ISIS continues to pose ideological threat

ISIS continues to pose ideological threat

Former Iraqi prime minister on Thursday warned that though defeated territorially, the Islamic State (ISIS) continues to pose a threat as an ideology.

Speaking at the second annual Erbil Forum, Haider al-Abadi, stated that “ISIS as an ideology still exists. You cannot overcome an ideology with guns,” referring to the fact that the jihadist group was declared militarily defeated in 2017.

“The population assumed that the threat of ISIS disappeared, but it didn’t. ISIS remained dangerous until we smacked their heads in Mosul,” Abadi stated.

ISIS seized large swathes of Iraqi and Syrian territory in 2014 and declared a so-called “caliphate.” While the group was declared territorially defeated in Iraq in 2017, it still continues to pose serious security risks through hit-and-run attacks, bombings, and abductions across several provinces.

The terror group is particularly active in the disputed territories between Erbil and Baghdad, stretching across several provinces including Kirkuk, Salahaddin, and Diyala.

Over 200 ISIS fighters were killed in Iraq in 2022, Major General Tahsin al-Khafaji, spokesperson for the Joint Operations Command, told Rudaw late December.

“The country requires a unified vision and we need the best people to come enact upon that vision,” Abadi said when touching upon the economic and political changes Iraq faces.

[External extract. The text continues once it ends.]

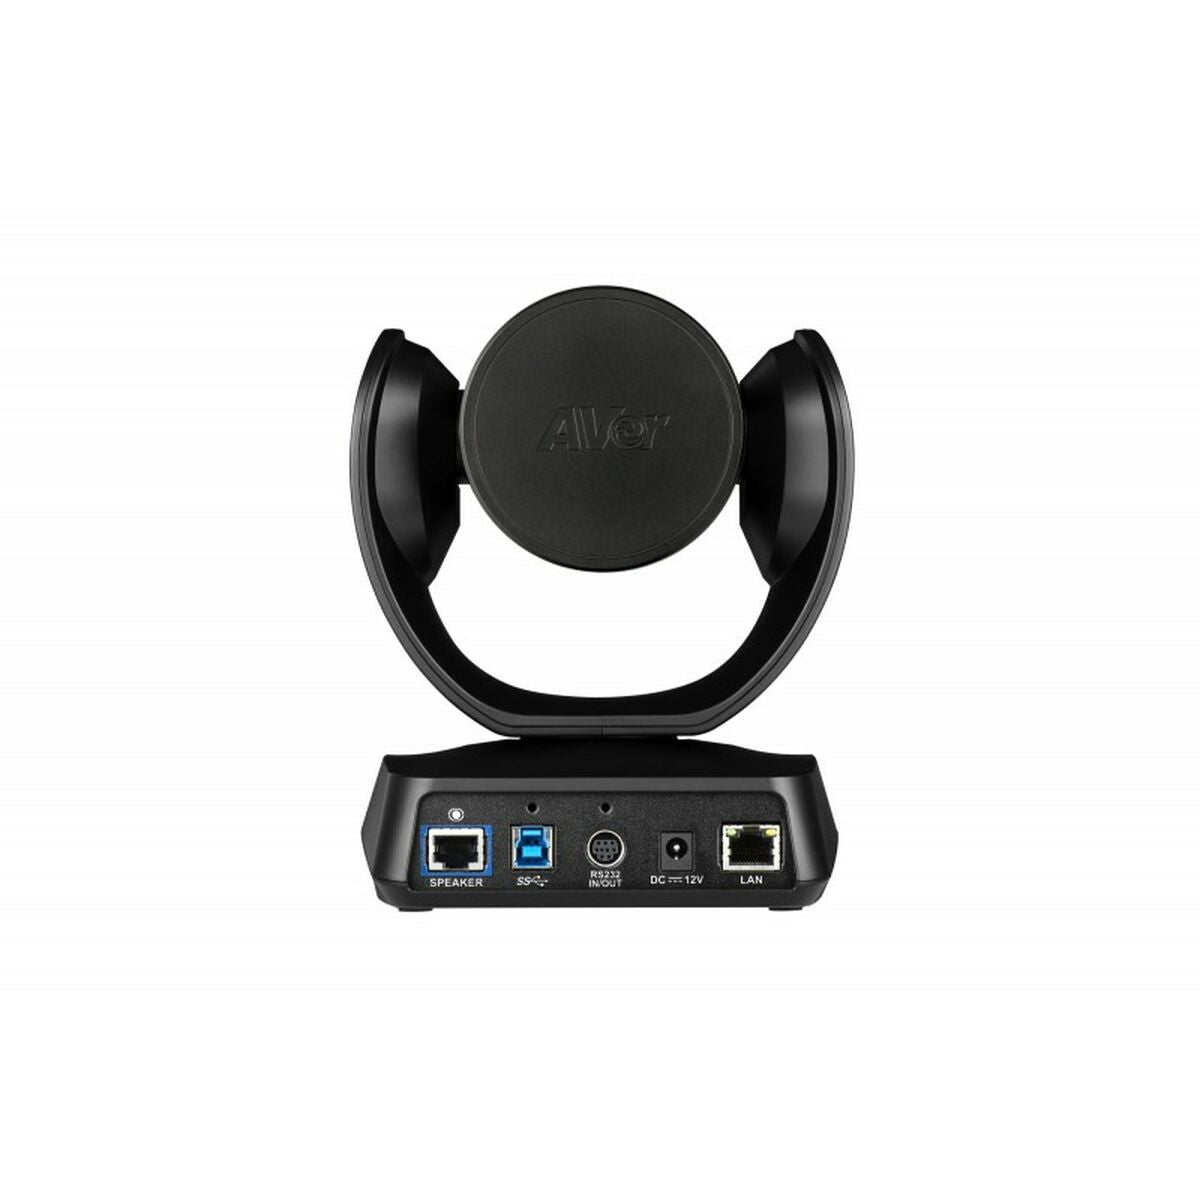 Video Conferencing System AVer VC520 Pro2, AVer, Computing, Accessories, video-conferencing-system-aver-vc520-pro2, Brand_AVer, category-reference-2609, category-reference-2642, category-reference-2844, category-reference-t-19685, category-reference-t-19908, category-reference-t-21340, category-reference-t-25568, computers / peripherals, Condition_NEW, office, Price_+ 1000, Teleworking, RiotNook

“If we as a collective do not change ourselves, nobody else from the outside world will come and change us,” Abadi added. “The change has to come from the ballot boxes.”

Snap parliamentary elections were held last October, resulting in a victory for prominent Shia cleric Muqtada al-Sadr. After failing to gather support to form a government, the Sadrist bloc consisting of 73 MPs resigned from parliament in June.

Months of political stalemate followed and the peak of tension between the rival Shiite factions manifested into deadly clashes in September which left at least 30 people dead, marking the worst violence the capital had witnessed in years.

“This was a political decision via a political movement, but the basic constraint was posed by the constitution,” the former Iraqi premier said regarding the withdrawal of the Sadrist Movement from the Iraqi political process.

Abadi also touched upon the instability of the Iraqi dinar on the exchange market. Iraq earlier in February restored the exchange rate of the IQD-USD to 1,300 per dollar, the highest value of the dinar since 2020, amid a depreciation of the dinar leading to a surge in prices of basic goods and protests by Iraqi citizens.

“The issue of exchange rates is very dangerous. As a prime minister, I was supporting the stable exchange rate because if you decrease the exchange rate, people will benefit … but this does not work alone,” Abadi said as the Iraqi dinar oversees a devaluation.

The drop of the Iraqi dinar value was attributed to corruption, smuggling dollars out of Iraq, and pressure from the United States.

“My vision is that we should have an open market, of course this open market requires auditing and monitoring … you need to have a monitoring system and follow up with the people who smuggle US dollars,” he added.